─── Data provided ───
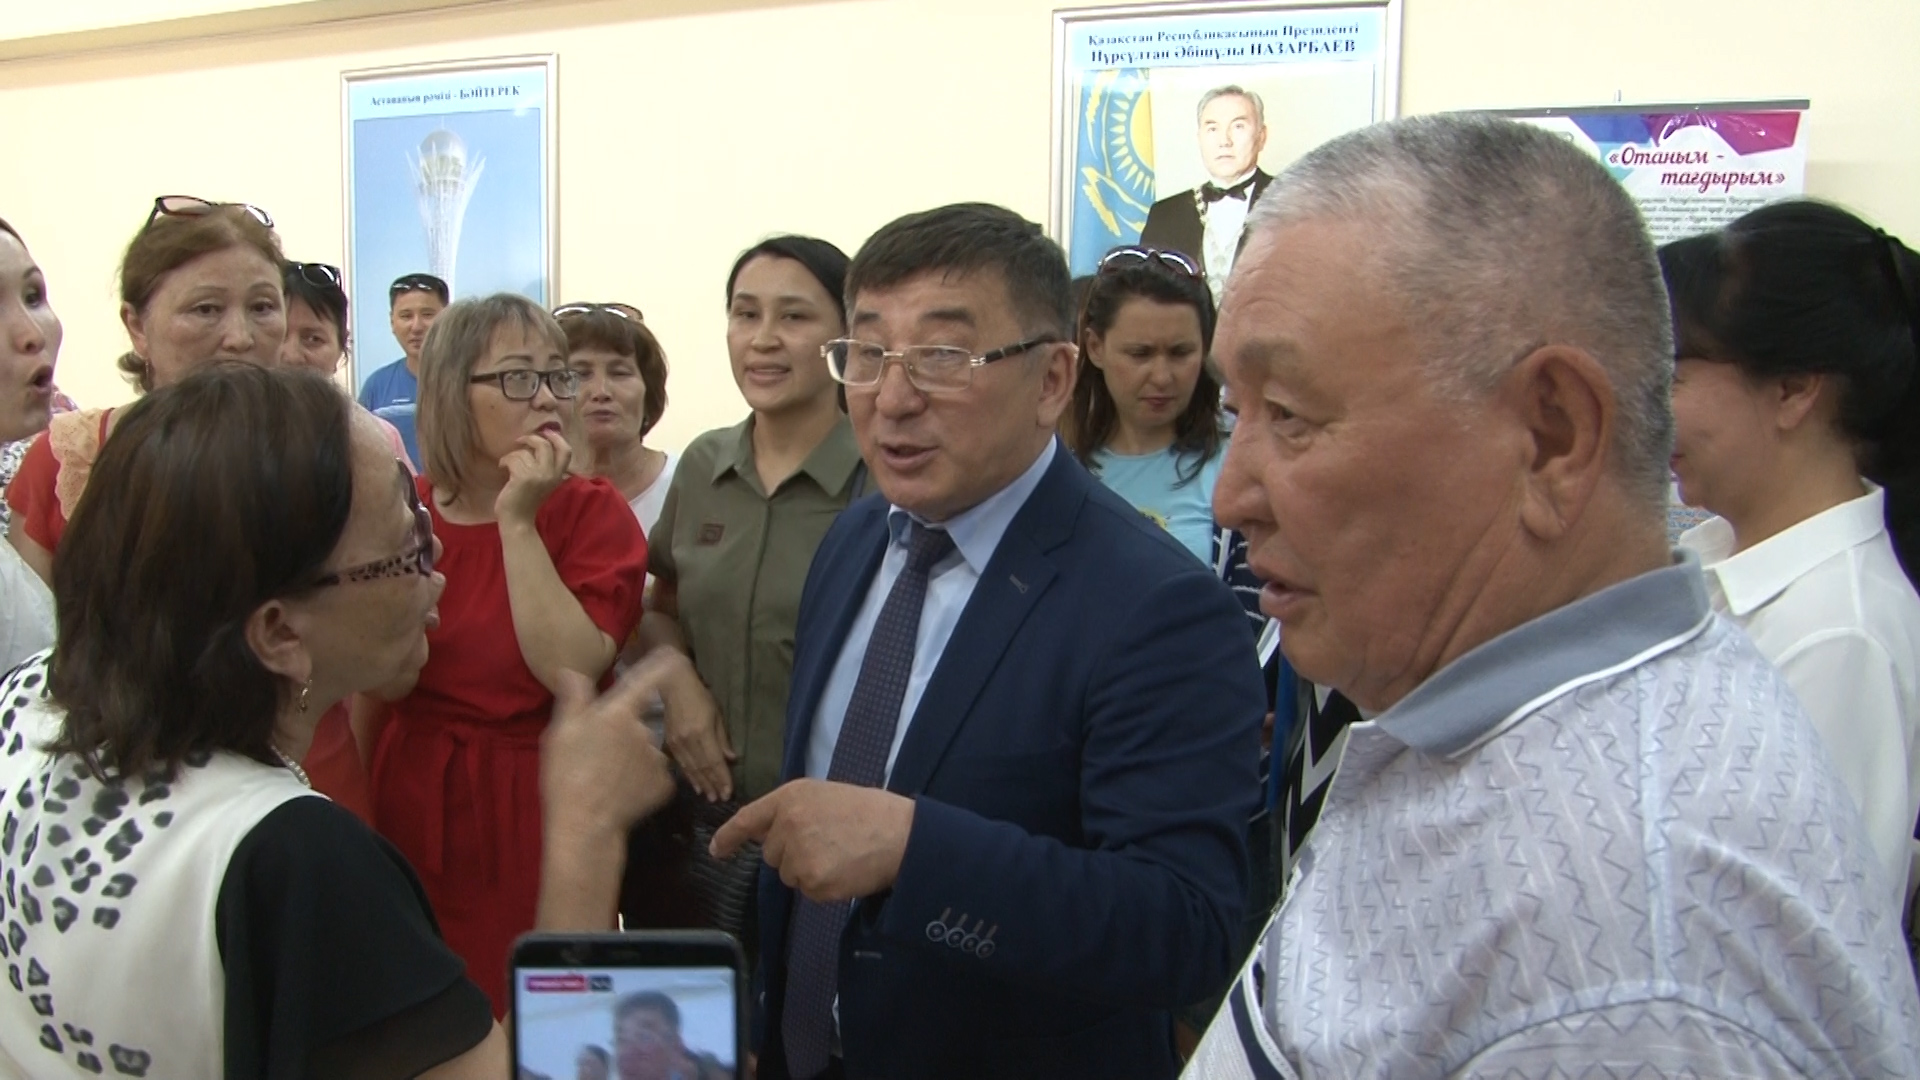 Заместитель акима области Марат Жундубаев обнадежил родителей учеников школы №24, заверив, что учебное заведение останется на прежнем месте
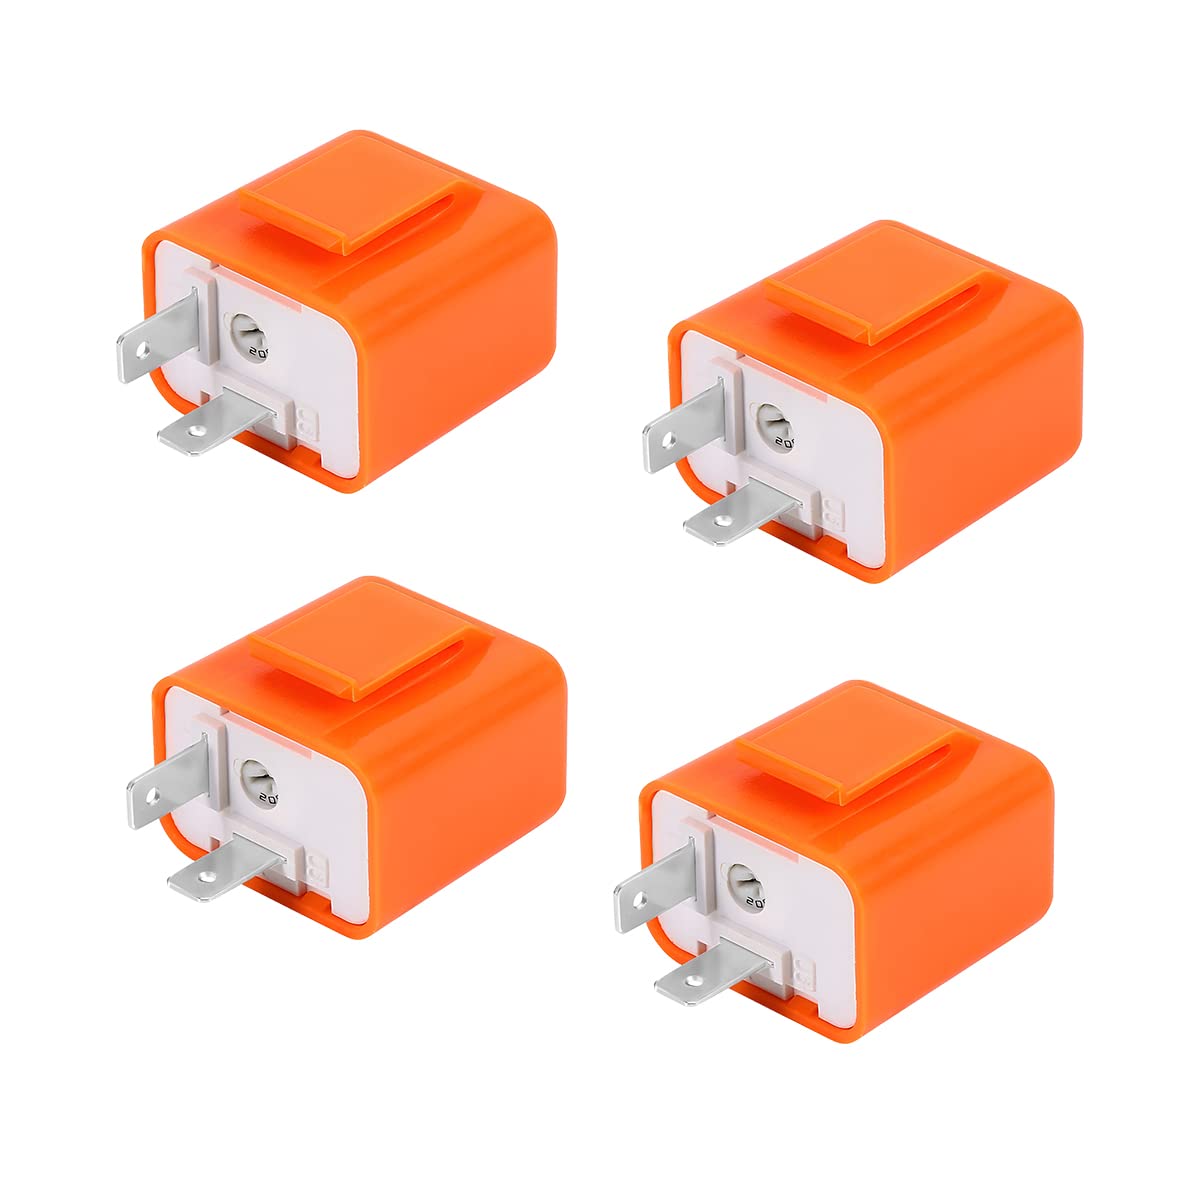 CGEAMDY 4 Stück Einstellbares Blinkrelais Kompatibel, 12 Volt Blinkgeber Blinkfrequenzkontroll Relai für Motorräder, 2 Pin Car Relais für Auto Truck Motor Relay(Orange) von CGEAMDY
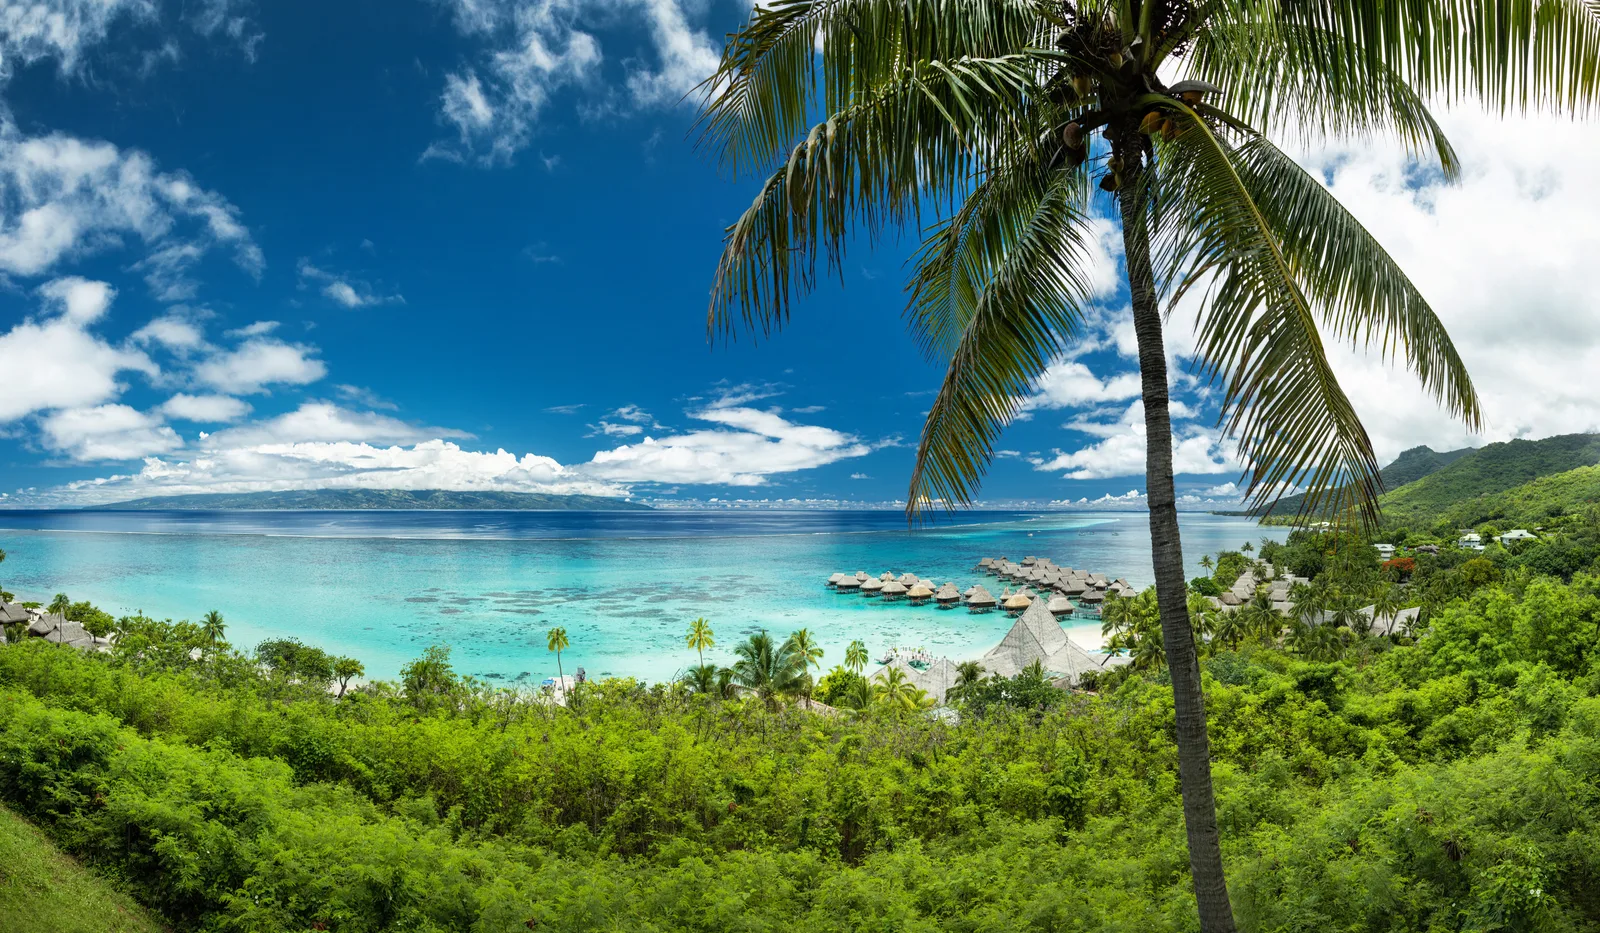 Lilikoi Moorea in Moorea Maiao (Windward Islands) - Tahiti Tourisme
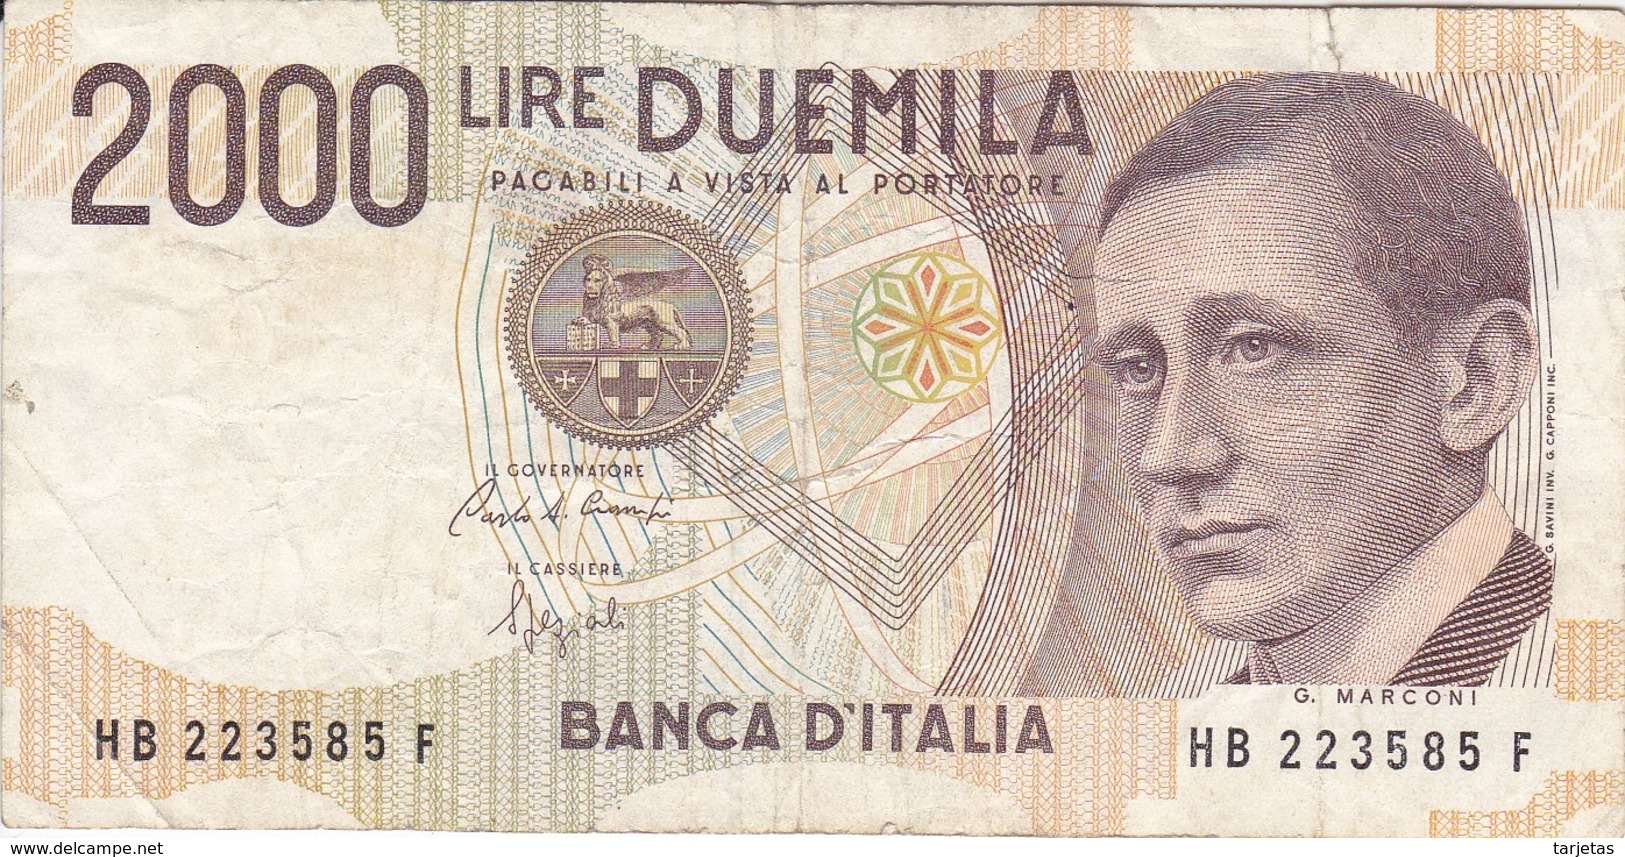 BILLETE DE ITALIA DE 2000 LIRAS DEL AÑO 1990  MARCONI  (BANKNOTE) - 2000 Lire
───
# Your task:
All lines from the beginning of the material above through the line holding "Lilikoi Moorea in" are to be given again exactly, and no others; pictures do not go in.

# Problem solution:
 Заместитель акима области Марат Жундубаев обнадежил родителей учеников школы №24, заверив, что учебное заведение останется на прежнем месте
 CGEAMDY 4 Stück Einstellbares Blinkrelais Kompatibel, 12 Volt Blinkgeber Blinkfrequenzkontroll Relai für Motorräder, 2 Pin Car Relais für Auto Truck Motor Relay(Orange) von CGEAMDY
 Lilikoi Moorea in Moorea Maiao (Windward Islands) - Tahiti Tourisme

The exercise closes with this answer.